Structural Health Monitoring (SHM) aims to monitor in real time the health state of engineering structures. For thin structures, Lamb Waves (LW) are very efficient for SHM purposes. A bonded piezoelectric transducer (PZT) emits LW in the structure in the form of a short tone burst. This initial wave packet (IWP) propagates in the structure and interacts with its boundaries and discontinuities and with eventual damages generating additional wave packets. The main issues with LW based SHM are that at least two LW modes are simultaneously excited and that those modes are dispersive. Matching Pursuit Method (MPM), which consists of approximating a signal as a sum of different delayed and scaled atoms taken from an a priori known learning dictionary, seems very appealing in such a context, however is limited to nondispersive signals and relies on a priori known dictionary. An improved version of MPM called the Single Atom Convolutional Matching Pursuit method (SACMPM), which addresses the dispersion phenomena by decomposing a measured signal as delayed and dispersed atoms and limits the learning dictionary to only one atom, is proposed here. Its performances are illustrated when dealing with numerical and experimental signals as well as its usage for damage detection. Although the signal approximation method proposed in this paper finds an original application in the context of SHM, this method remains completely general and can be easily applied to any signal processing problem.
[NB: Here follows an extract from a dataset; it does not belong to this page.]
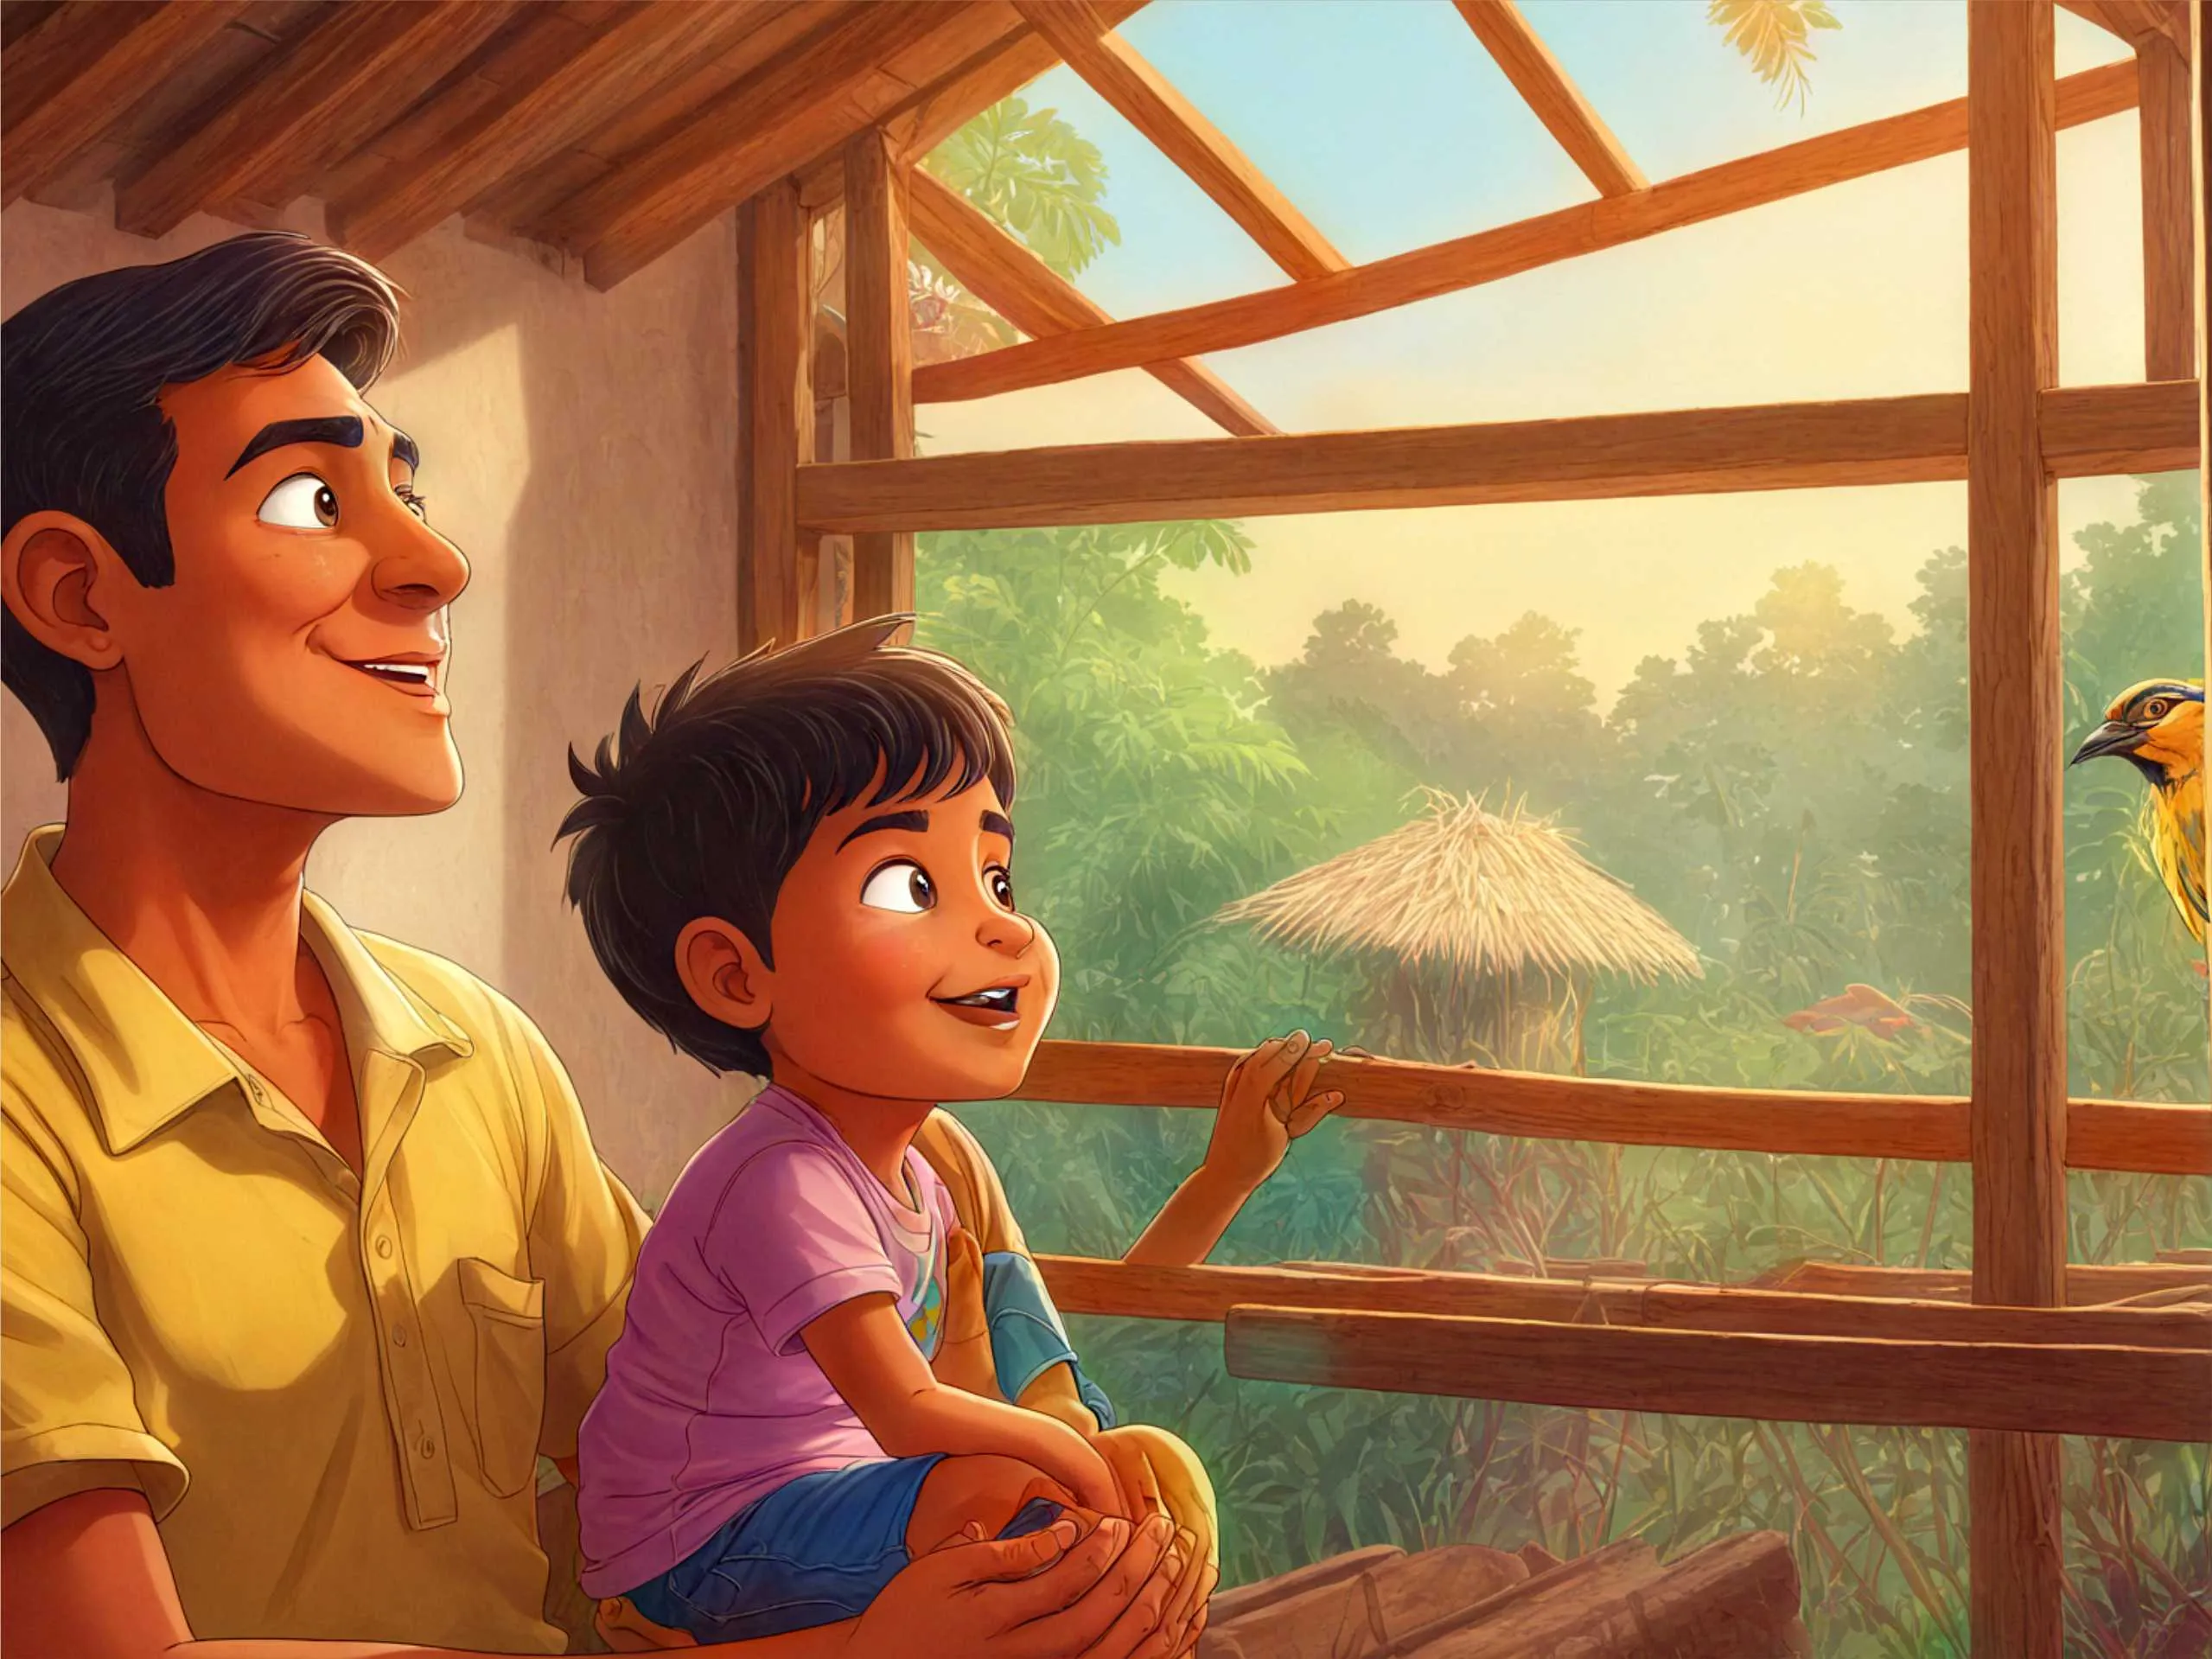  cartoon image of a kid with his father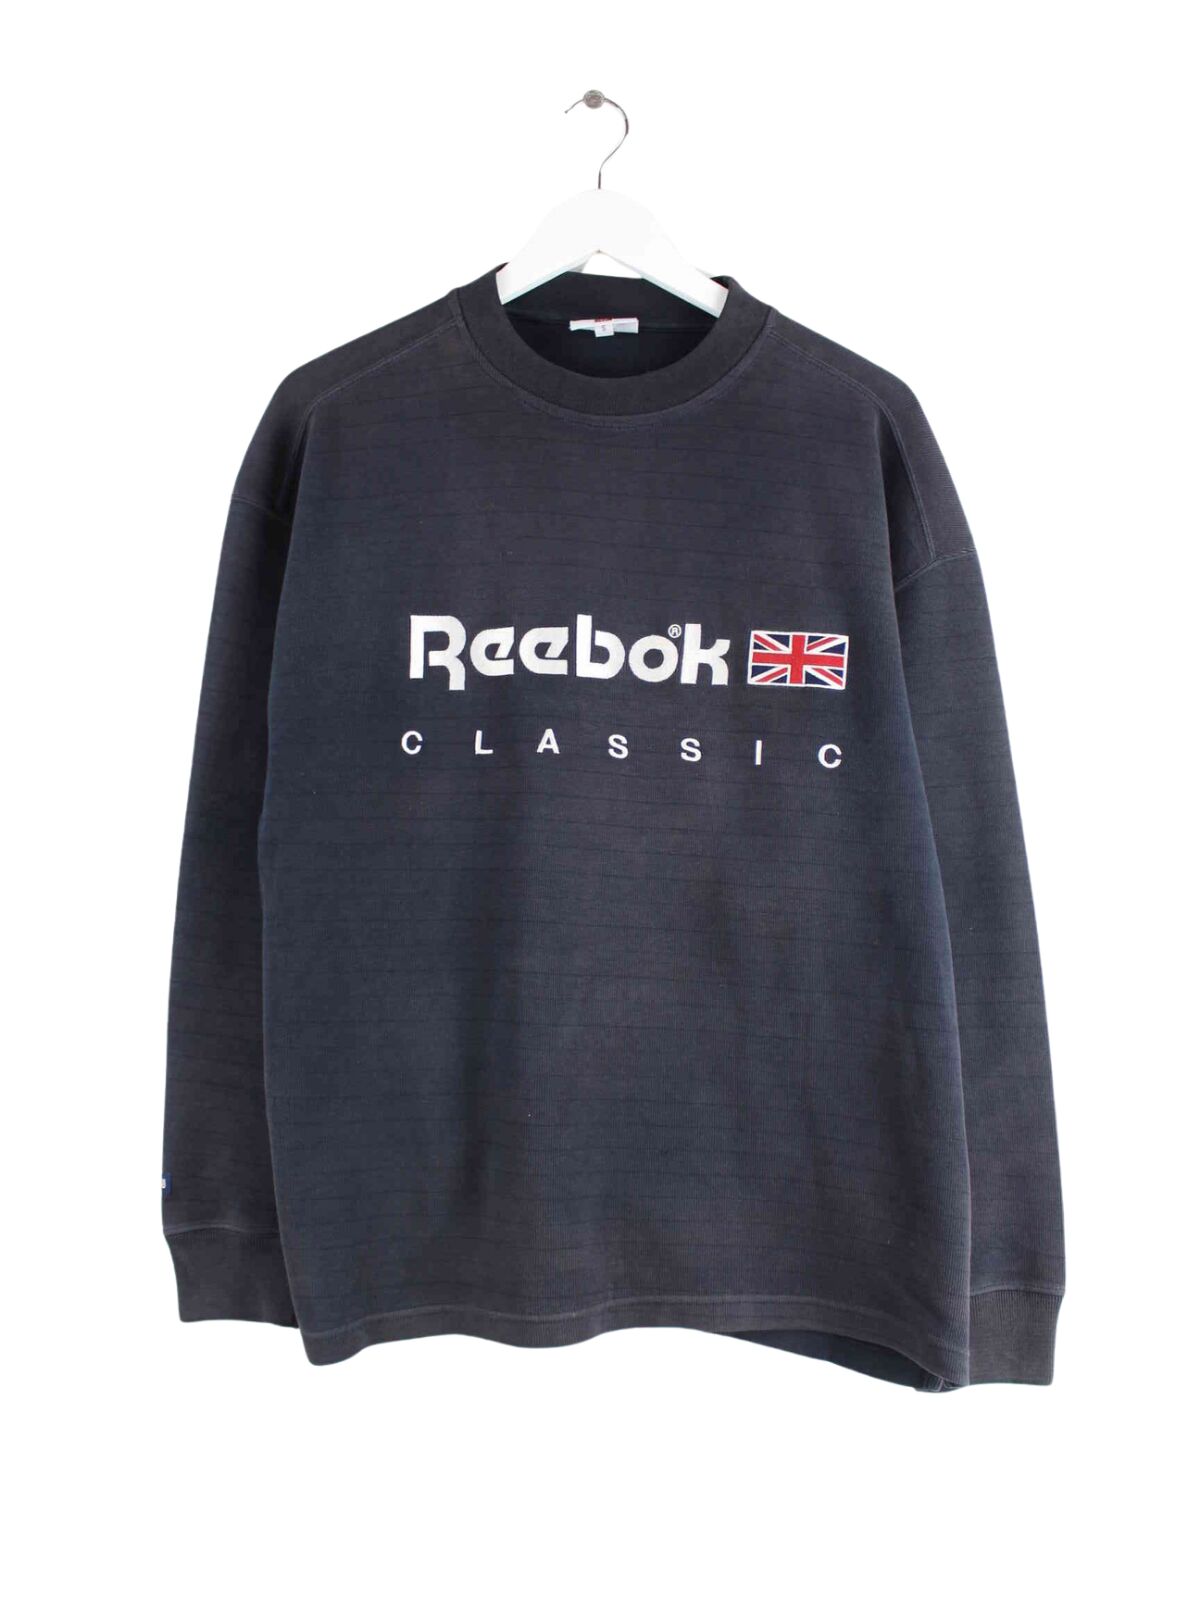 Reebok Embroidered Sweater Schwarz S (front image)

翻译：结构健康监测（SHM）旨在实时监测工程结构的健康状态。对于薄壁结构，兰姆波（LW）在SHM应用中非常高效。一个粘贴式压电换能器（PZT）以短脉冲串的形式在结构中激发兰姆波。这个初始波包（IWP）在结构中传播，与其边界、不连续性以及可能的损伤相互作用，产生额外的波包。基于兰姆波的SHM面临的主要问题在于，至少有两种兰姆波模式被同时激发，且这些模式具有频散特性。匹配追踪方法（MPM）通过将信号近似为从先验已知的学习字典中选取的不同延迟和缩放原子的叠加，在此类情境下显得极具吸引力，但该方法仅限于非频散信号，且依赖于先验已知的字典。本文提出了一种改进的MPM版本，称为单原子卷积匹配追踪方法（SACMPM）。该方法通过将测量信号分解为延迟且频散的原子来处理频散现象，并将学习字典限制为仅包含一个原子。文中通过处理数值和实验信号，并展示其在损伤检测中的应用，验证了该方法的性能。尽管本文提出的信号近似方法在SHM领域找到了创新性应用，但该方法具有完全的通用性，可轻松应用于任何信号处理问题。